Mount Base Vineyards is about far more than vines and hemp, with Kirsty determined to create a diverse environment on the land. Until she built Base Camp last year – now home to her boots and heels – she lived in a 1976 Bedford bus by the river, with an outdoor shower sprouting from a tree just beyond. An orchard went in nearby, as did an olive grove, beehives, and hundreds of natives along the stone walls that mark the Waihopai River boundary.
“What we are trying to do is get the tui,” she says. “The wax-eyes, which love to eat the grapes, we want to go and the tui are territorial, so when they move in the wax-eye move-out.”

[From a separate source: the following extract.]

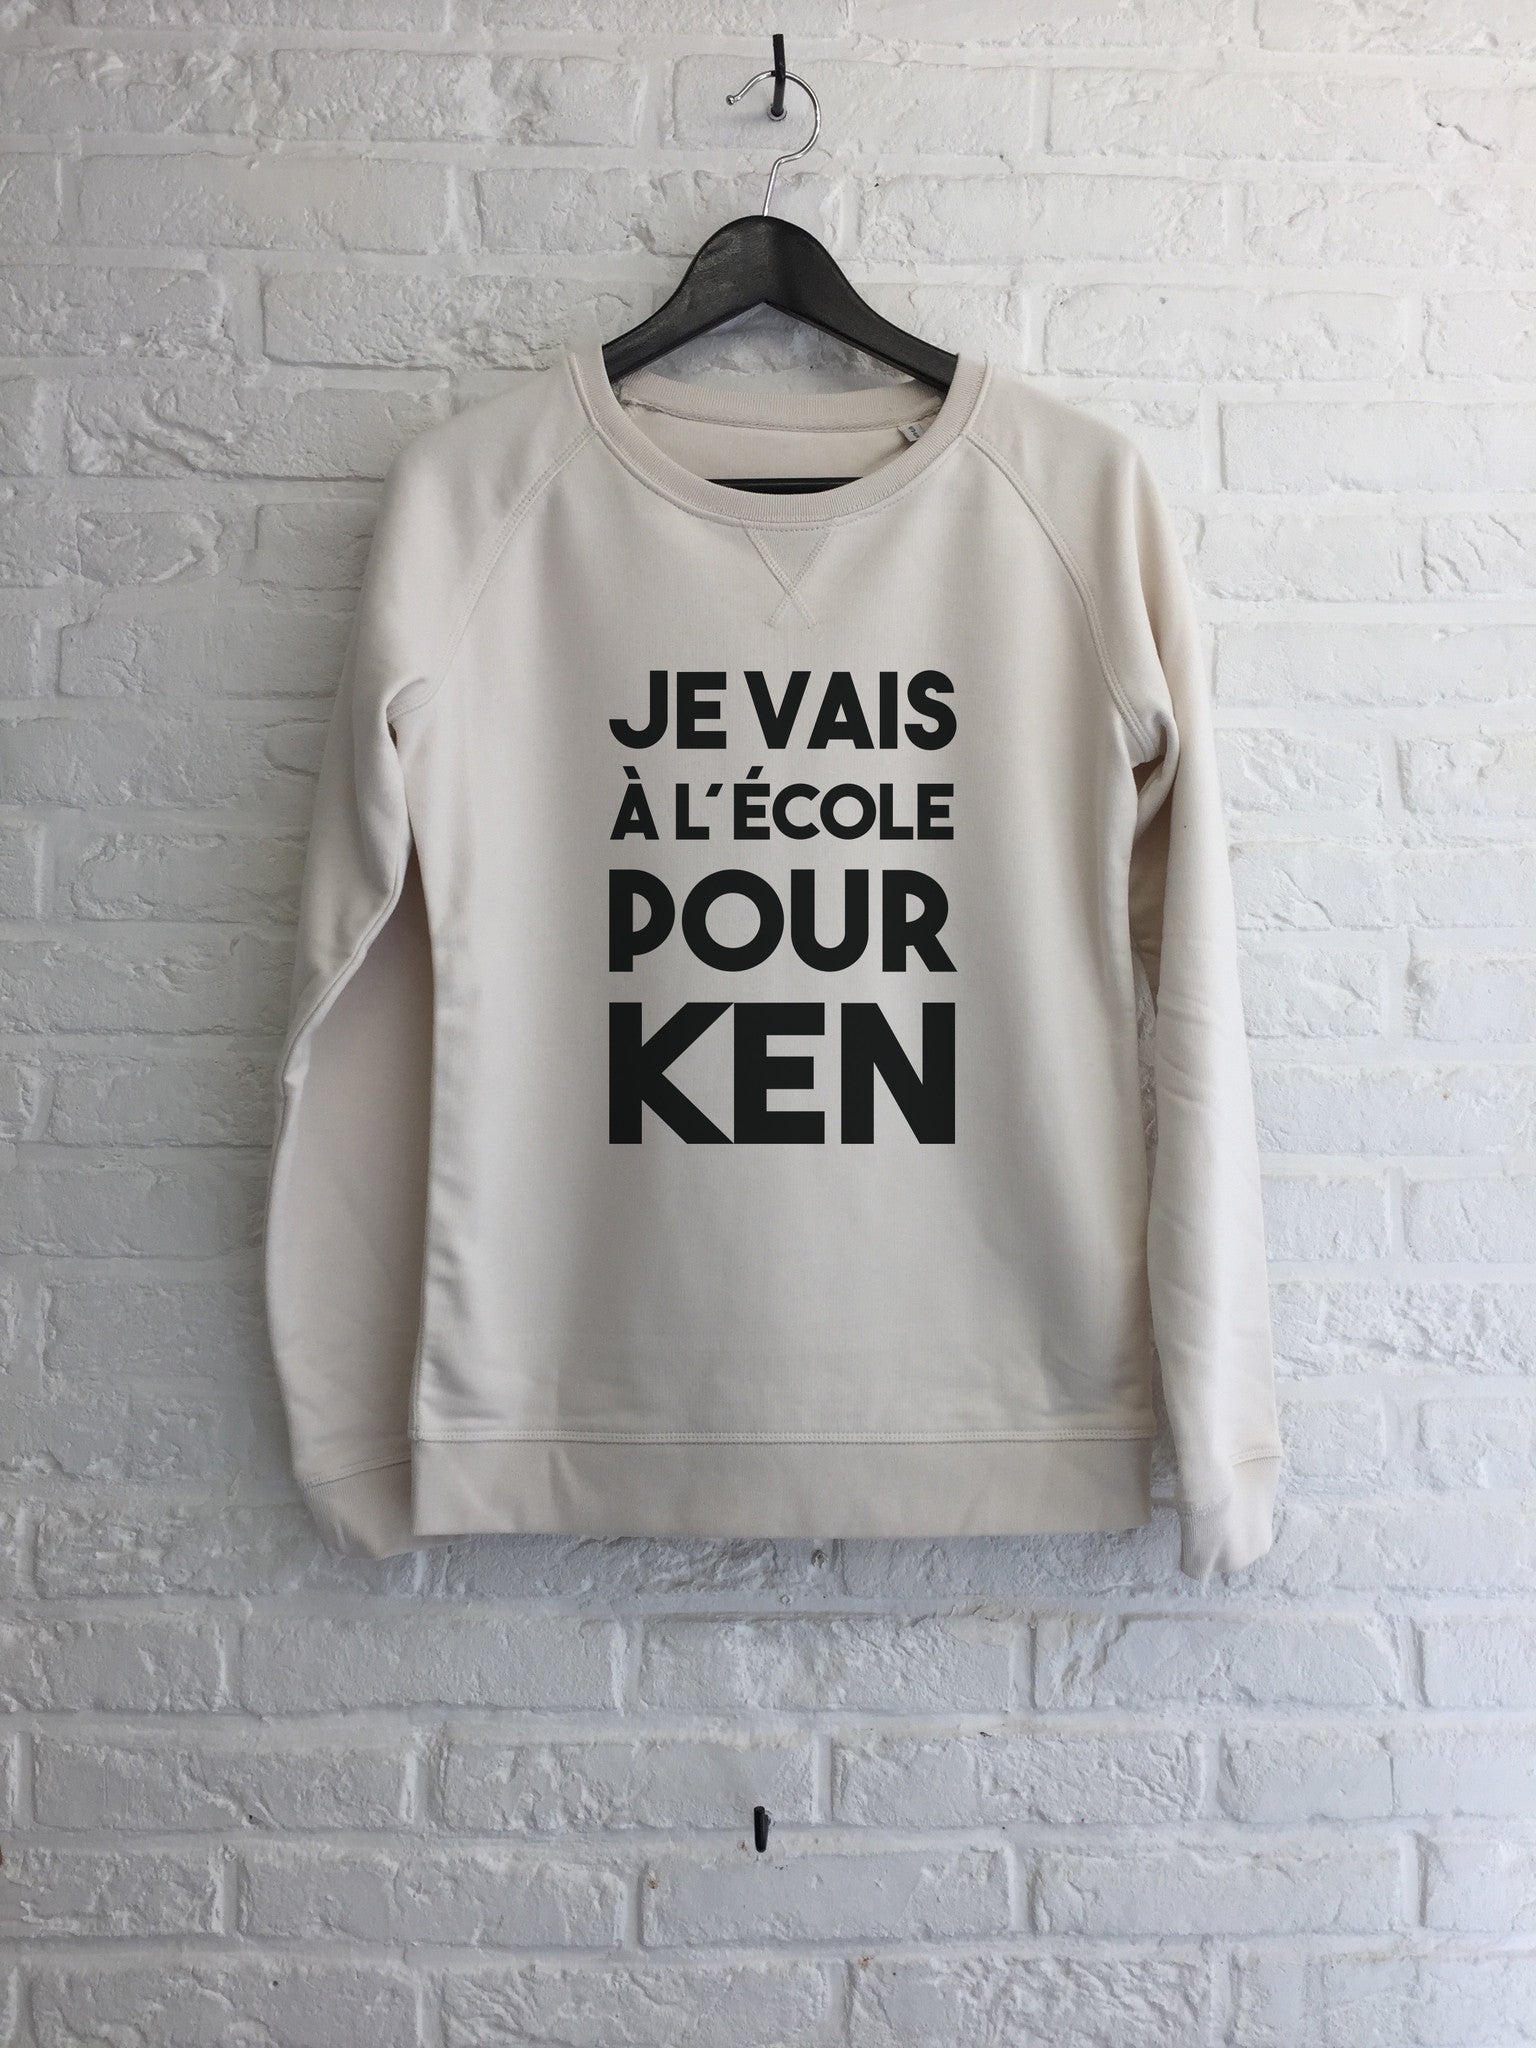 Je vais a l'ecole pour Ken- Sweat - Femme-Sweat shirts-Atelier Amelot

She loves the pheasants that have made their home there too, along with 80 or so quails that scamper along by the river. “I wanted it to be about more than a monoculture of vines.”
Nine years into her double life, Kirsty is as comfortable with her hemp as she is her vines, and in her gumboots, as she is stilettos. On the day we talk, she is helping drench lambs in the neighbour’s yards, before releasing them to graze the vineyards. Staff get a sheep each when the flock leaves at budburst, and the rest are sold, with the staff having a hand in deciding what the profits will be spent around the property.
But it’s been an arduous journey, “and I think had I known what I was in for, I probably would have said no”, she admits. “One of my friends said to me at the beginning ‘you have taken on a dog but set yourself a 10-year plan and just take it one year at a time’. That was the best advice,” she says. “It would have been too overwhelming otherwise, and I hit my target in eight years.”
Article originally published in Winepress Issue 292 and republished with their permission.
Did you know?
While hemp and marijuana are both varieties of Cannabis sativa, they each pack a wildly different punch. Marijuana can contain up to 30% THC, the intoxicating substance that gives users a high, while hemp will keep you grounded, with less than 0.3% (per dry weight) THC. Some strains of hemp, on the other hand, contain much more CBD, a non-intoxicating compound with medical applications. Hemp has been grown in the United States for centuries and over that time has been bred to the purpose. It can be used to make rope, clothes, and other textiles, and is also being used in construction material and medicines. The seeds are edible, and that is what Kirsty is licensed to grow for, with a strain that is lower both CBD and THC but bred for fibre and seeds.